В июне сорок первого закончил институт. Началась война, его призвали в армию. В октябре под Вязьмой Халзанов был захвачен немцами.

Жизнь в плену Халзанов рисовал так: «Доставили в лагерь, на севере Польши. До войны там были торфяные разработки, и фашисты наспех создали концлагерь. Вонючее, ржавое болото, чахлые деревца. Условия были жуткие. Давали двести пятьдесят граммов хлеба в день и мутную водицу, которую называли то супом, то кофе. Хлеб из отрубей и опилок.
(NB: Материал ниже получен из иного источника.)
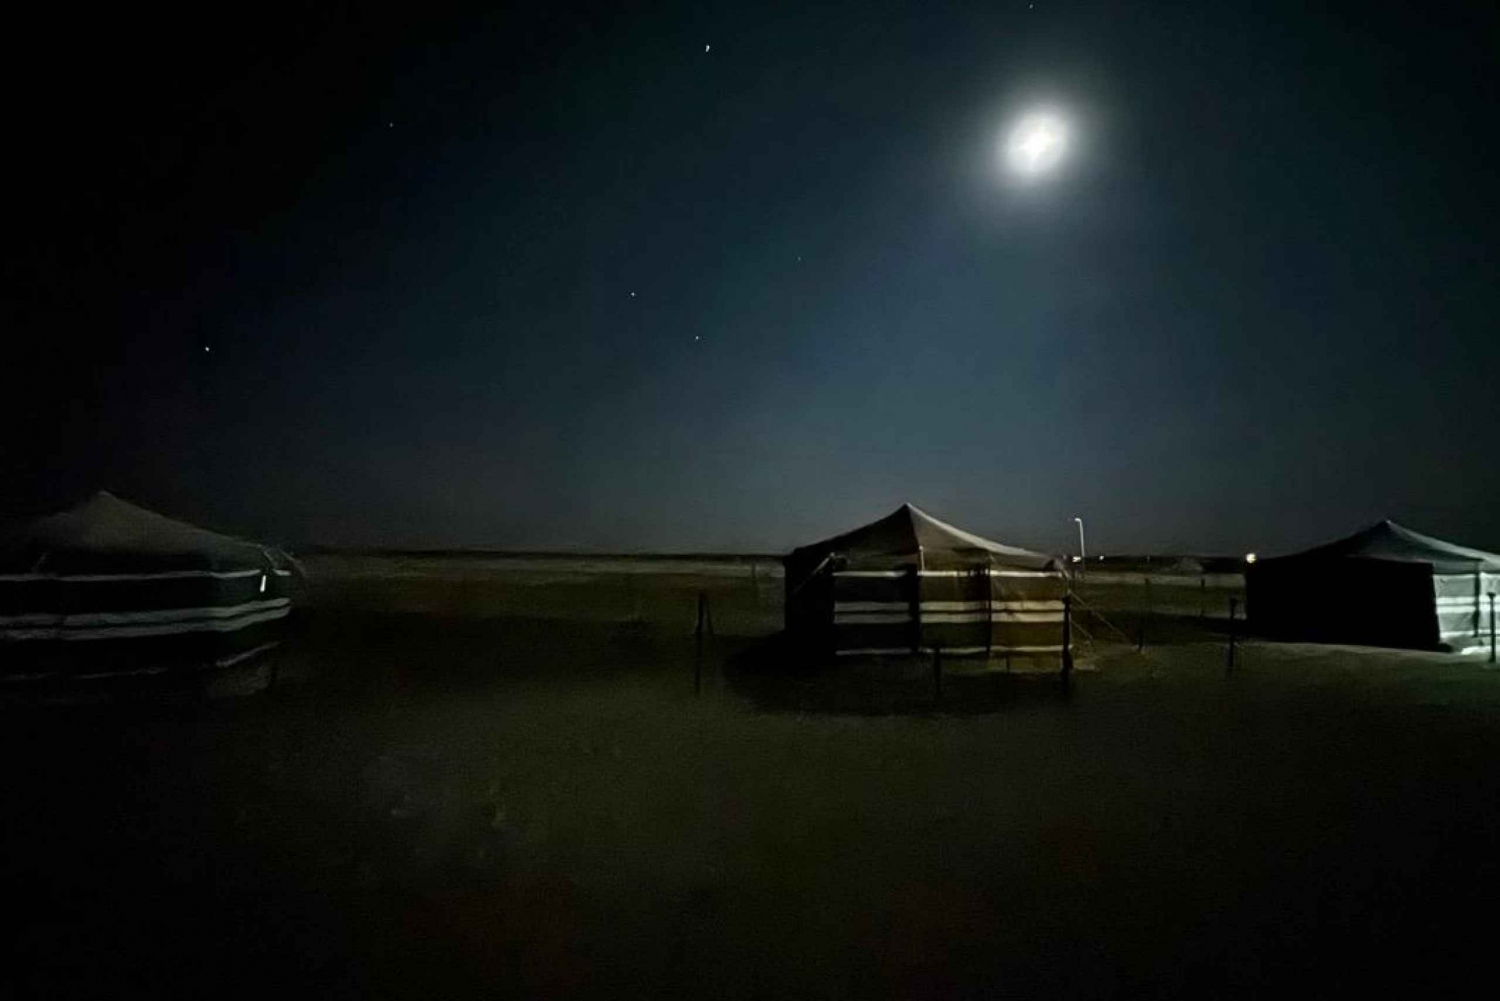 Gwiazdy i piasek: Magiczna noc na pustyni

Комендантом лагеря был гауптштурмфюрер — это вроде армейского капитана — Гельдерлинг, белобрысый верзила, пруссак «голубых кровей». Расстреливал людей по малейшему поводу, а бил без всякого повода.

Побег был совершенно невозможен. К лагерю вела одна дорога. По ней даже в шапке-невидимке не проскочишь. А кругом непроходимые топи. Находились смельчаки, бежали. Сами попадали на виселицу, и мы из-за них страдали: на заключенных накатывалась новая волна репрессий и издевательств. Пока силы были, держались, но к весне сорок второго года вовсе ослабли. Каждый день умирало тридцать-сорок человек. Бессмысленная смерть! Конечно, всякая смерть нелепа. Но на фронте у тебя в руках оружие, ты сам можешь убить того, кто несет смерть. В лагере же смерть была хозяйкой, никаких законов для нее не было. Смерть была злобной, мстительной: не сразу забирала человека, а издевательски долго отнимала силы, кровь и уж потом лишала жизни. На виду у всех день и ночь чадила труба крематория, напоминая о твоей неизбежной участи.

Тогда я понял, как мы были далеки от жизни до войны, болтая о гуманизме, философских категориях и прочих высоких принципах. Этот вздор в лагерных условиях никому не был нужен. В лагере ценится только сила. Если ты можешь лупить ближних своих, тебя боятся; если ты слаб и беззащитен, то самый последний доходяга норовит раздавить тебя, как мокрицу. Понятия чести, совести теряют всякий смысл...

Халзанов замолчал и опустил голову. Его лицо и уши были пунцовыми. Таров не останавливал, не перебивал его, не задавал вопросов. Он думал: «Зачем Халзанов так подробно рассказывает об этом? Хочет разжалобить меня или готовит оправдание каким-то подлым своим делам?»

Халзанов, не спросив разрешения, взял сигарету из лежащей на столе пачки и глубоко затянулся.

— Что замолчал? Продолжай.

— Умирать мне не хотелось, Ермак Дионисович, я ведь еще и жизни как следует не видел... Как-то пришли в лагерь люди, одетые в немецкую форму, и стали вербовать добровольцев в национальные легионы. Я записался в калмыцкий легион или корпус. Почему пошел? Хотел жить — это прежде всего. Может быть, рассчитывал этим путем освободиться от плена. Надо полагать, к тому времени не прошла обида за несправедливый арест отца и за то, что меня вышвырнули из института. Служил я добросовестно. Мстил беспощадно. Немцы заметили мое усердие, присвоили офицерское звание, доверили командовать батальоном. Потом стал сотрудничать с «абвером», сюда вот передали...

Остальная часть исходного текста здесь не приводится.